= WHAT THE TASK ASKS =
Copy out the data below from the line containing "ジョイントレンディションスラ" to the line containing "Doanh nghiệp Trung", both lines included, with all images left out.

= DATA EXCERPTS =
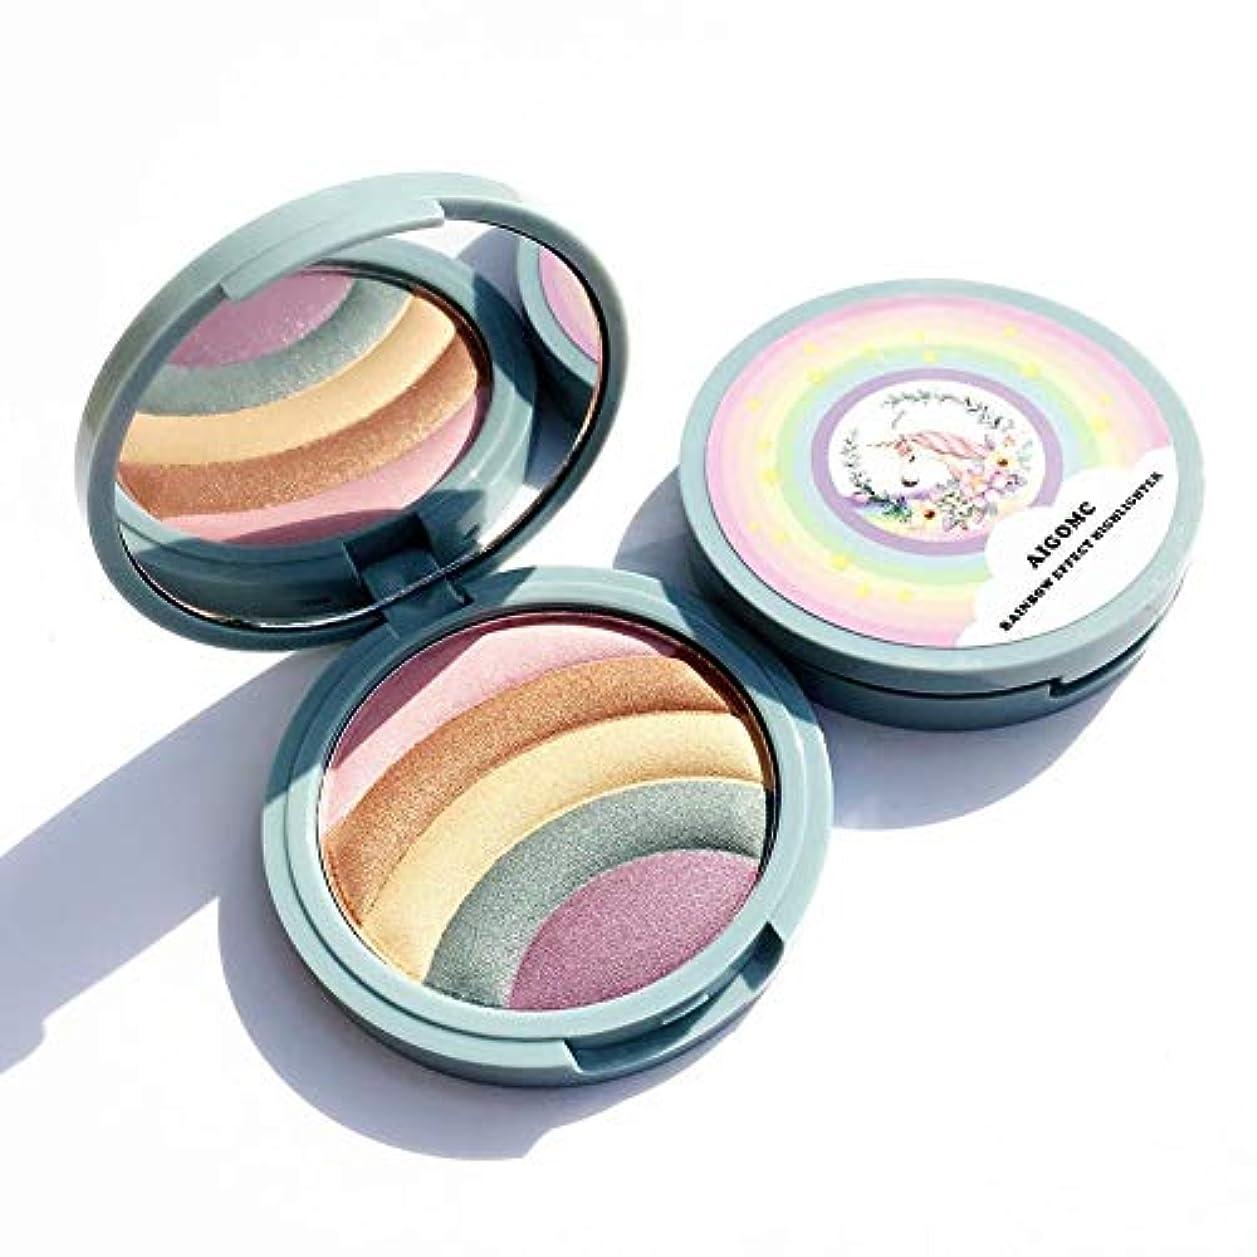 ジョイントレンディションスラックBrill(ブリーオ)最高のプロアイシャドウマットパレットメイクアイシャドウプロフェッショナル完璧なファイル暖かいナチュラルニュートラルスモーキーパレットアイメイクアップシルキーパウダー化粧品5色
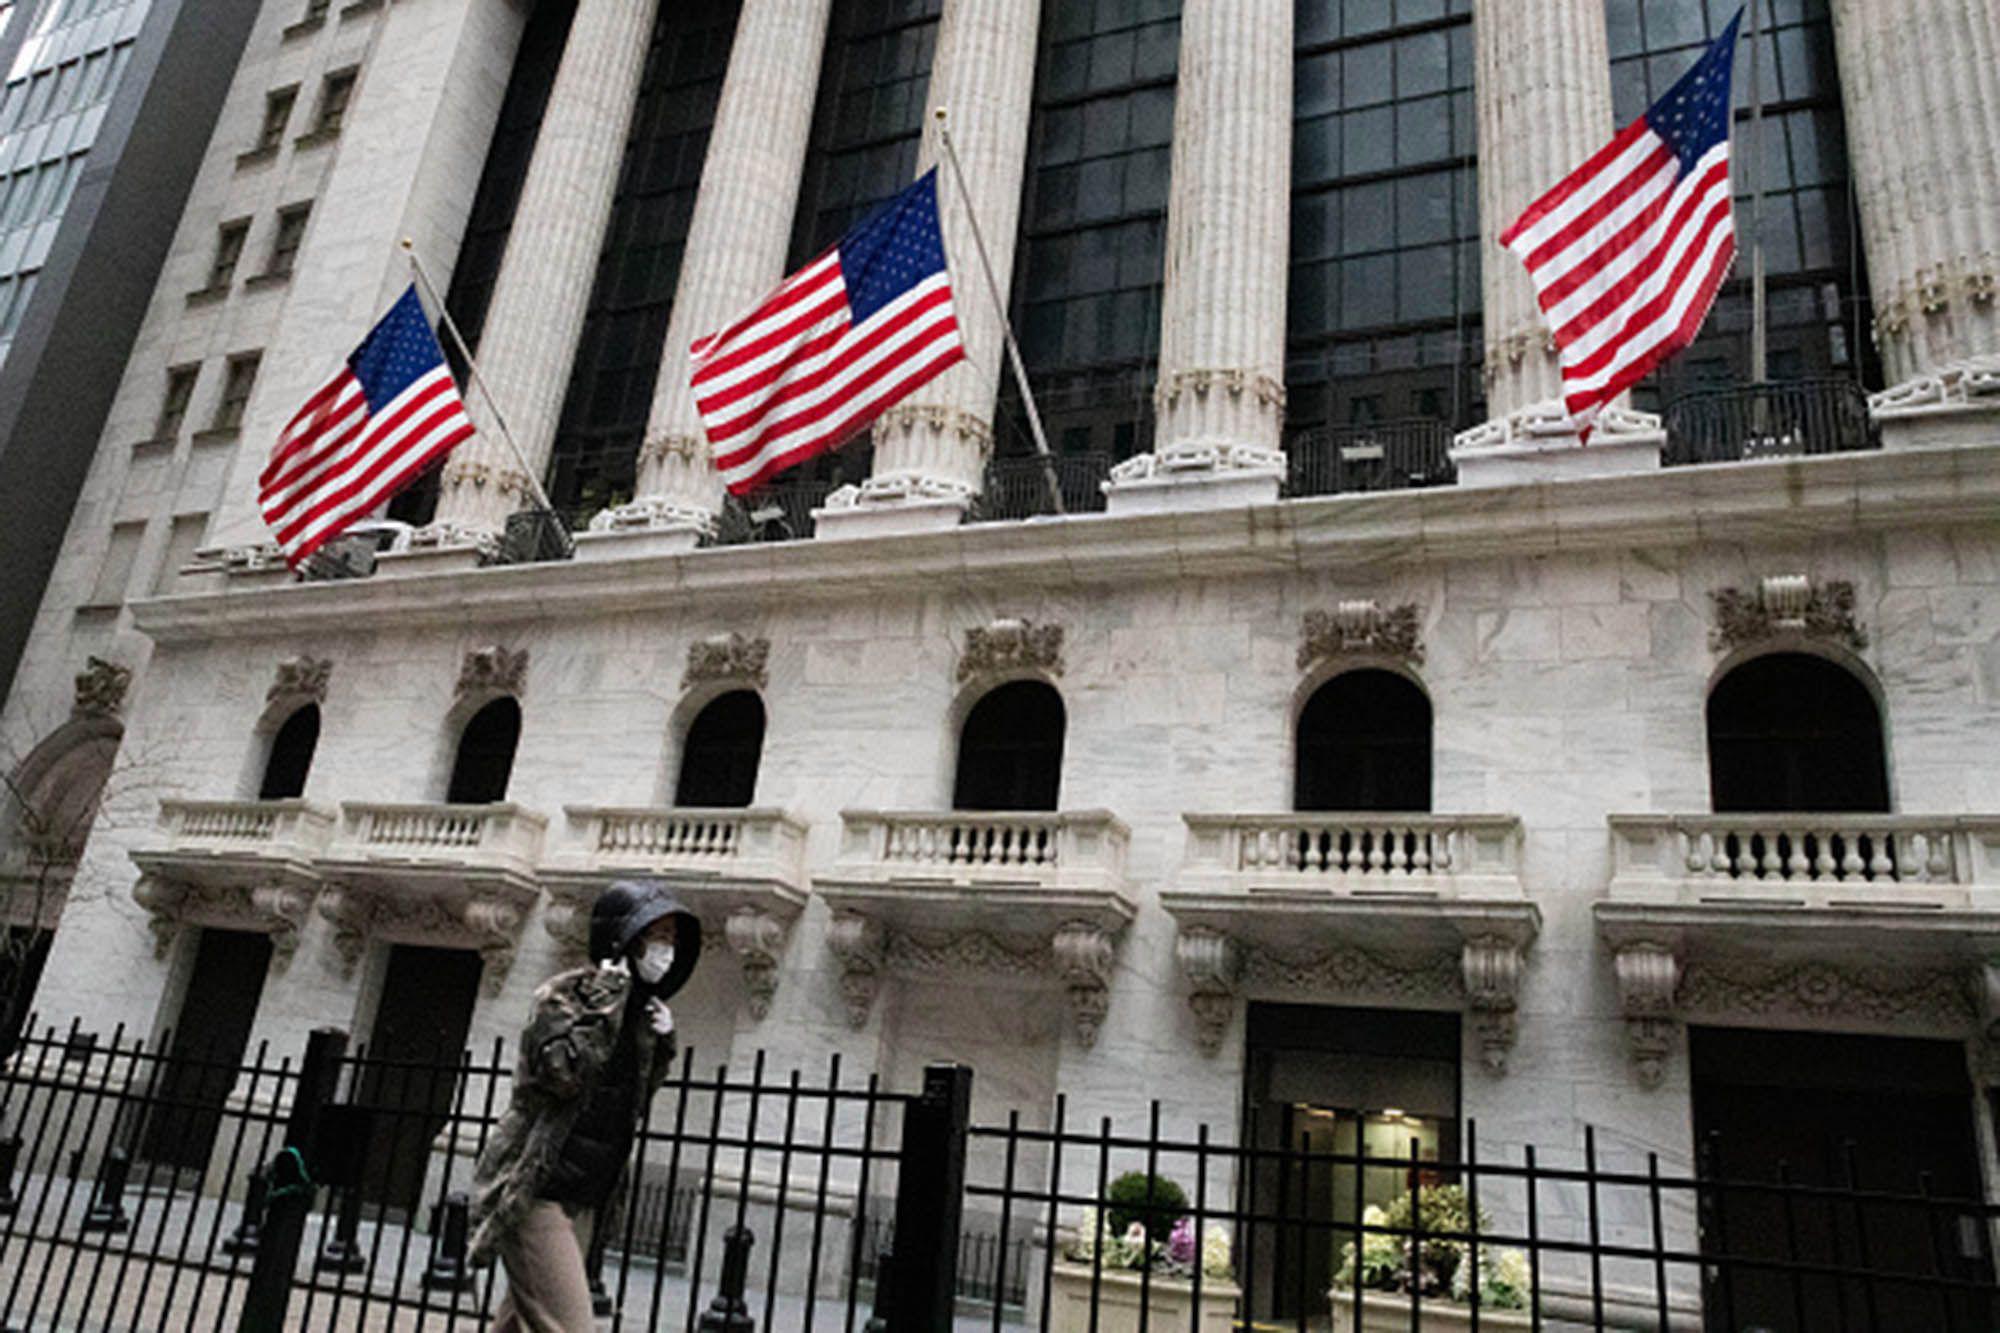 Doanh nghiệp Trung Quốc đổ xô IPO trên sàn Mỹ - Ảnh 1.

--

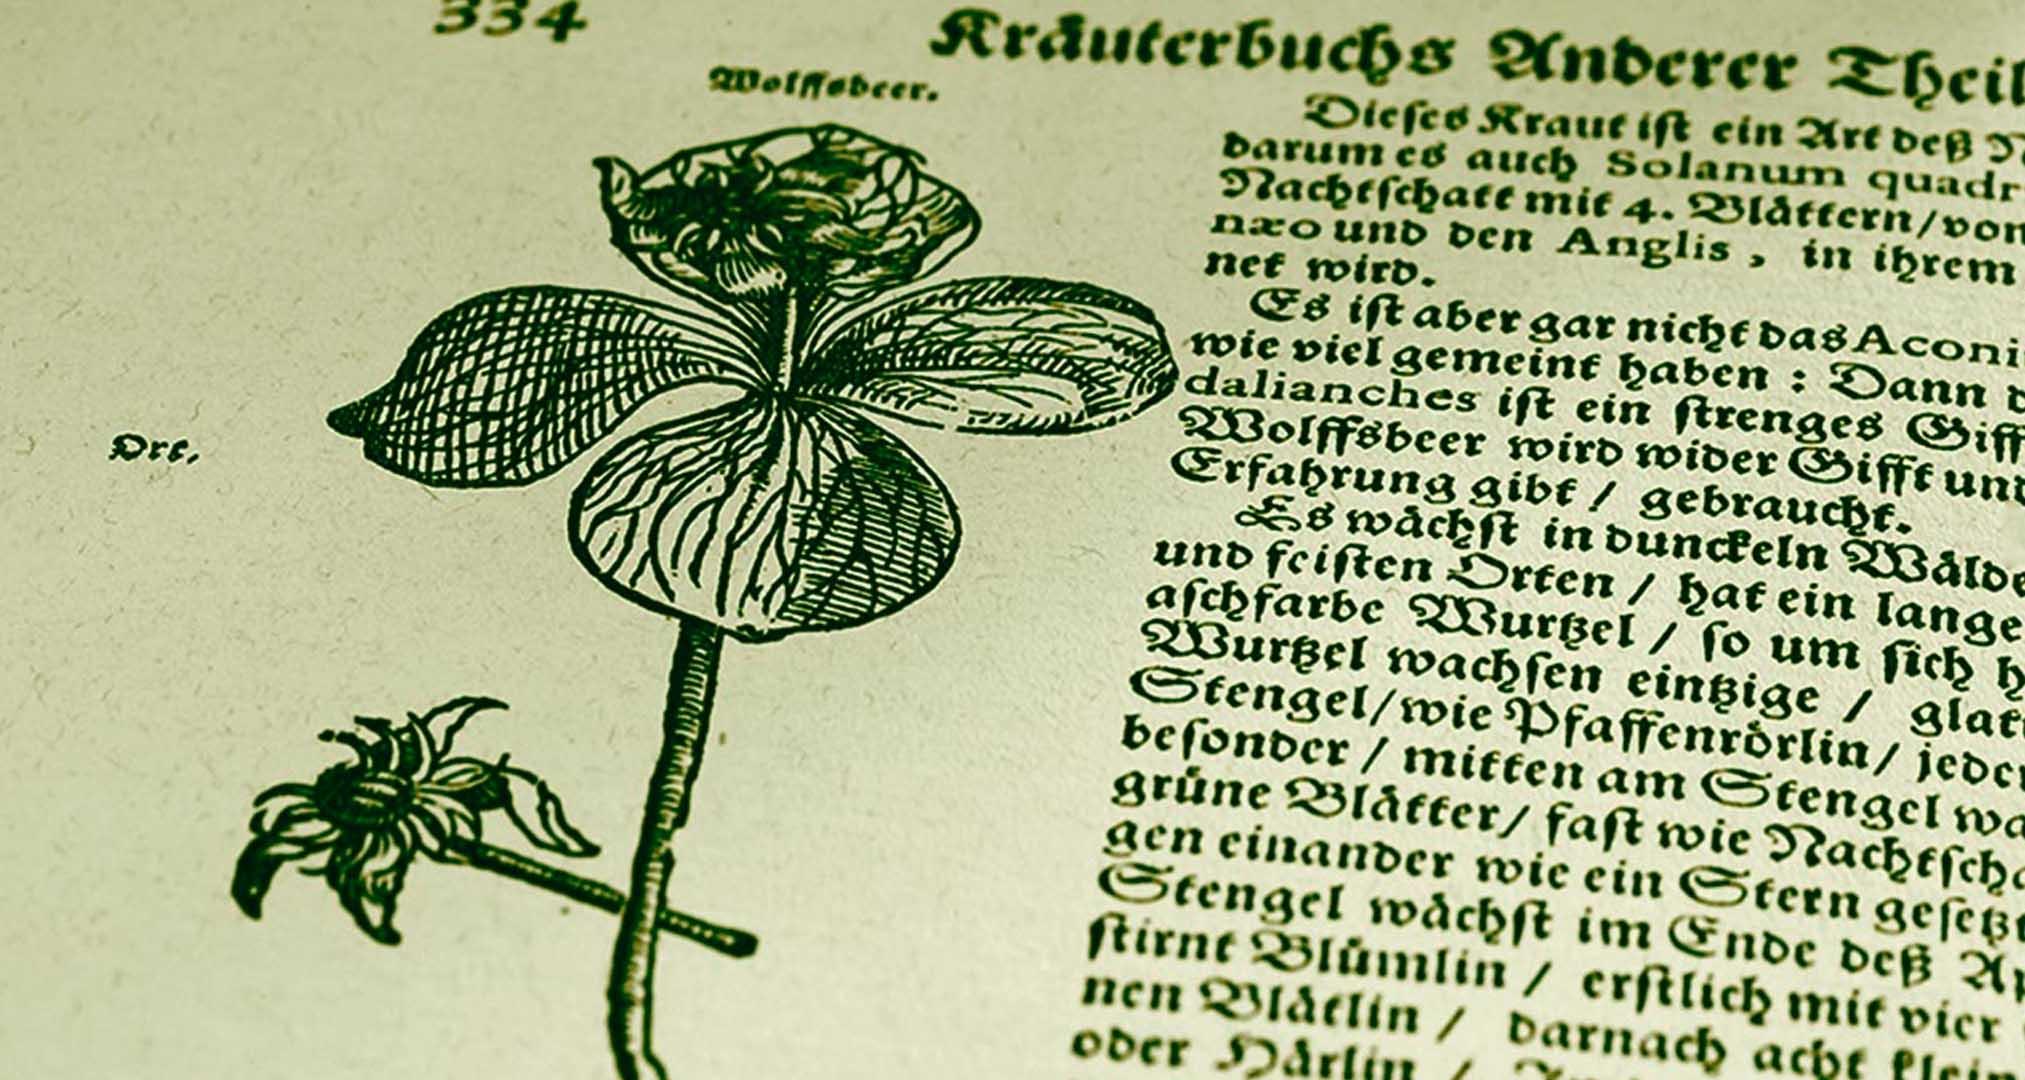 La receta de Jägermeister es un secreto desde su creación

...

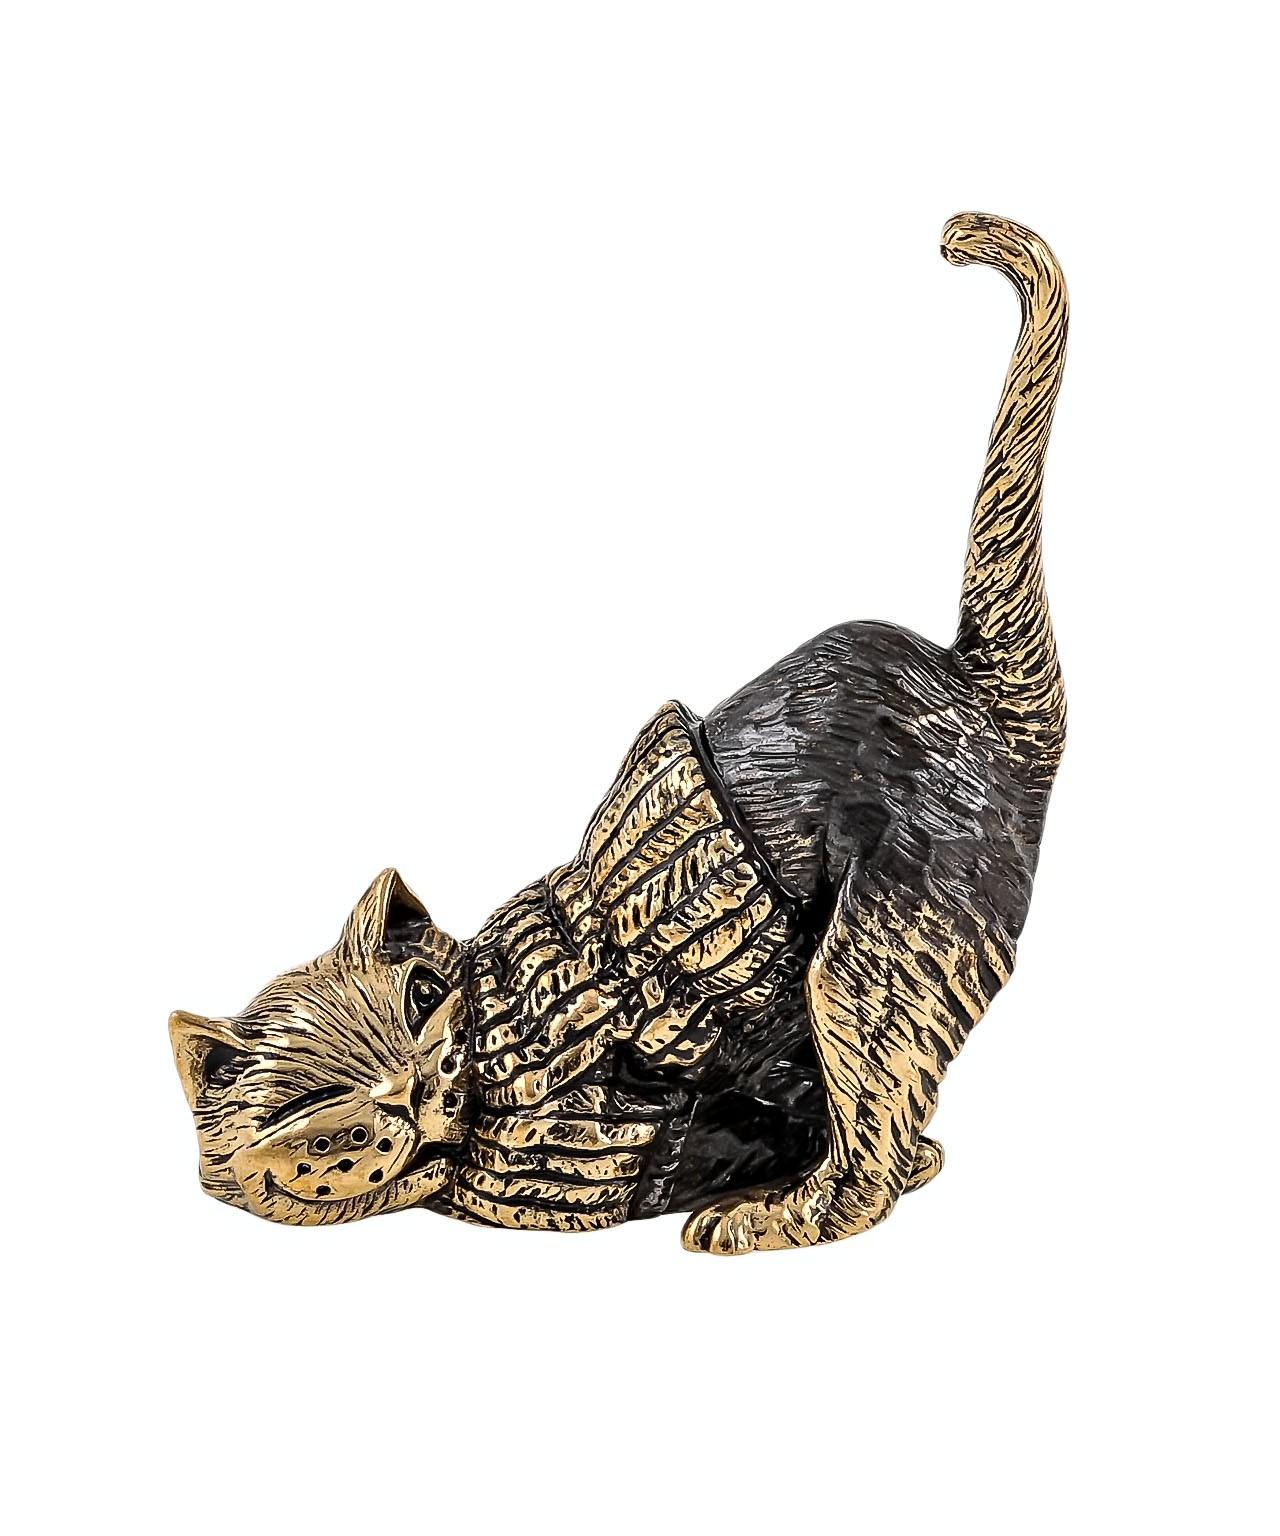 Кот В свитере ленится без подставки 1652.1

= SOLUTION TO THIS PROBLEM =
 ジョイントレンディションスラックBrill(ブリーオ)最高のプロアイシャドウマットパレットメイクアイシャドウプロフェッショナル完璧なファイル暖かいナチュラルニュートラルスモーキーパレットアイメイクアップシルキーパウダー化粧品5色
 Doanh nghiệp Trung Quốc đổ xô IPO trên sàn Mỹ - Ảnh 1.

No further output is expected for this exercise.